Got a new Cervelo RS and it has stock fork, tires, and wheels. When the bike is just sitting there, there is about 1mm of space between the top of the front tire and the fork. When I am on the bike, the tire touches off on the fork once every revolution. It doesn't look like there is a bulge in the tire and I am running 135psig. Loosened skewer and re-tightened, flipped wheel around...no help. Any thoughts?


----------



## bigman (Nov 30, 2004)

Hop in wheel ? Try another wheel see if that is the issue.


----------



## Rollo Tommassi (Feb 5, 2004)

*135psi???*

I'm hoping that is a typo. Stock tire on the RS is the Rubino Pro slick, which is only rated to 130psi.vThat being said, unless you weigh 300lbs, I wouldn't reccomend over 120psi.


----------



## MCF (Oct 12, 2006)

The tire that came on my RS says it is minimum of 130psig to maximum of 160psig...


----------



## Gimme Shoulder (Feb 10, 2004)

*RS tire spec*

I just bought an RS two weeks ago. The current spec is a 25C Vittoria Diamonte Pro Lite, which does specify 130-160psi. I'm only running 120 though - just seems a little more comfortable.

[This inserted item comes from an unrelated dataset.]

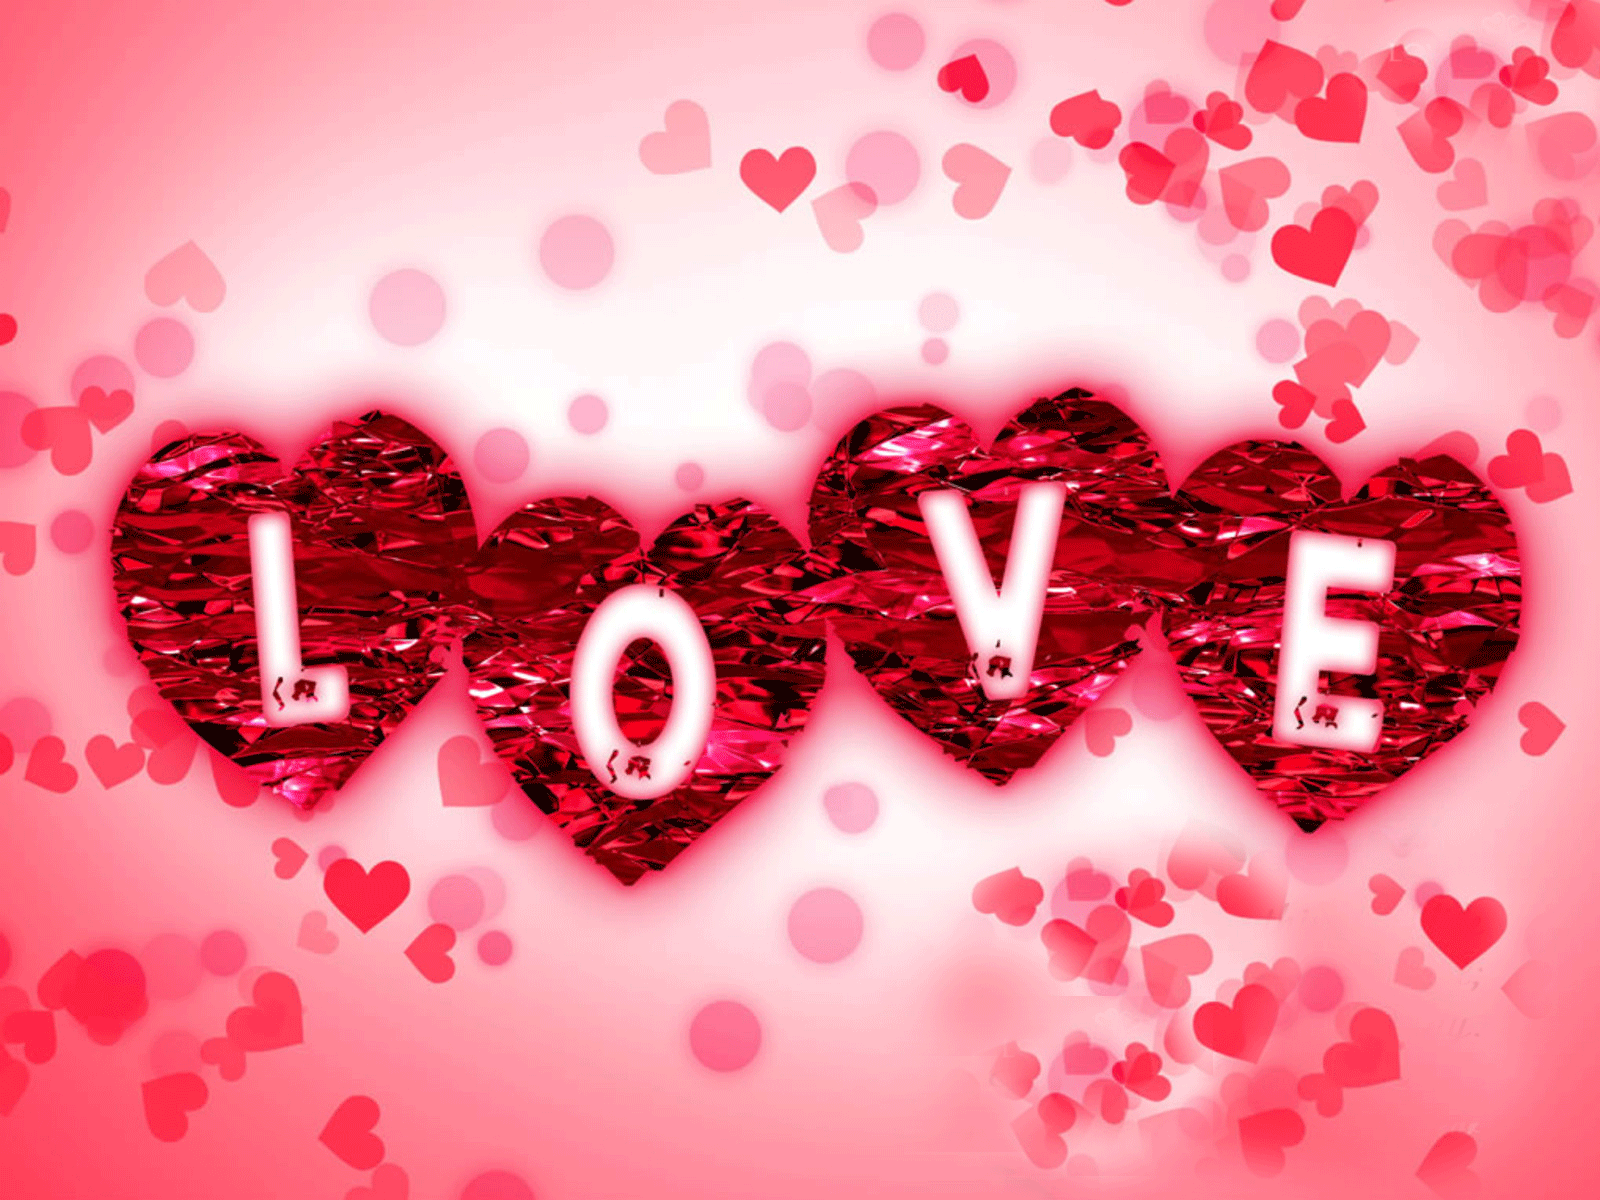 Love Hd Wallpaper Love Heart Picture Love Pictures Love

The combination of the 3T fork and the 25C rubber does leave VERY little space between the underside of the fork crown and the tire. And the Diamonte is a big 25C. Not sure why they're spec'ing that tire. Maybe to go along with the Pari-Roubaix theme? With the brakes properly adjusted and open you have to really tap the tire through the calipers to get it out.


----------



## Gimme Shoulder (Feb 10, 2004)

*Let the LBS sort it out.*

It's a new bike with new wheels, and you paid good bucks for it. I'd let the LBS figure it out. Have them check the wheel for round. If the rubbing just started, that shimano wheel may have gone out of round on you. Any potholes in your very recent past?


----------



## MCF (Oct 12, 2006)

I solved my problem...I traded in the stock wheels and tires for some Reynolds Assaults and 23C tires....AMAZING difference. Didn't think I could really notice a difference between wheels, but the difference is VERY noticeable. The stock wheels pulsed like crazy when braking and were floppy around corners. Now with the new wheels, the thing corners like it's on rails and are stiff as crazy. They also eat up even more of the road vibration. Best of all, the thing looks just mean!! The wheel is black and grey and when the light hits it it pretty much exactly matches the black and grey of the RED components. The tires I got have a thin grey line on the side that just 'disappears' into the wheel. I also swapped the 11-25 to 11-23 and much happier. Before I was always 'searching' for that 16 tooth cog...now everything is great. Also added a Cat Eye triple wireless and very happy with it...


----------